The problem is as follows: Write a predicate in Prolog most_common_sublist(L1,N,L2) that will find the sublist L2 with length N such that it is the most common sublist in L1.
//Example 1:
?- most_common_sublist([1,2,2,3,2,2,4,2,2,3],1,L).
L=[2];
//Example 2:
?- most_common_sublist([1,2,2,3,2,2,4,2,2,3],2,L).
L=[2,2];
//Example 3:
?- most_common_sublist([1,2,2,3,2,2,4,2,2,3],3,L).
L=[2,2,3];
My approach was to generate all the possible sublists of size N using the generator predicate, check which of those is the most common one in the list using the check predicate, and then just put that as my result.
The reason why I'm not using the built-in predicates for length and add is because I'm supposed to write my own.
My generator predicate works, it gives out the correct output.
?- generator([1,2,2,3,2,2,4,2,2,3],3,L).
L = [[1, 2, 2], [2, 2, 3], [2, 3, 2], [3, 2, 2], [2, 2, 4], [2, 4, 2], [4, 2|...], [2|...]] [write]

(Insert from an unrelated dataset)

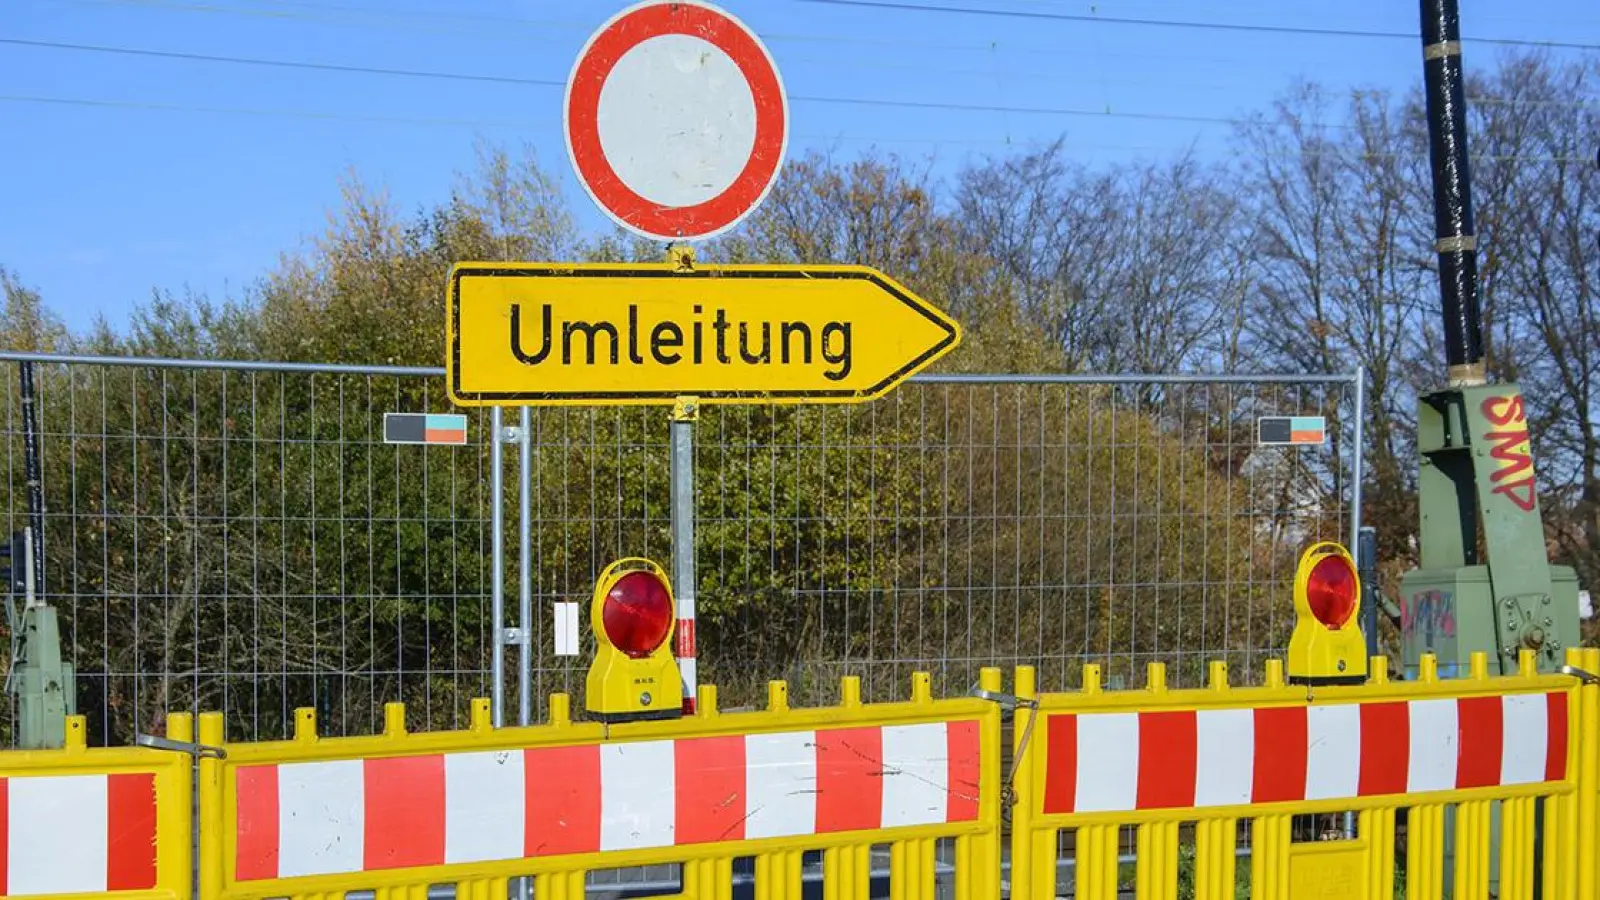 Königsallee in Bayreuth gesperrt: Das ist die Umleitung (Foto: Pixabay/Reginal)

L = [[1, 2, 2], [2, 2, 3], [2, 3, 2], [3, 2, 2], [2, 2, 4], [2, 4, 2], [4, 2, 2], [2, 2, 3]]
I checked all my predicates and they all seem to work (at least for the test cases I'm using), the problem occurs with the check predicate. It seems to work fine until it gets to N>=P (when this is NOT true, works fine when it is true). I expect the program to go onto the next check predicate under it (the third check predicate) so that it stores Temp value in Result instead of the H value. For some reason it does not go to the third check predicate (I checked with debugger), instead it does something weird (I can't figure out what).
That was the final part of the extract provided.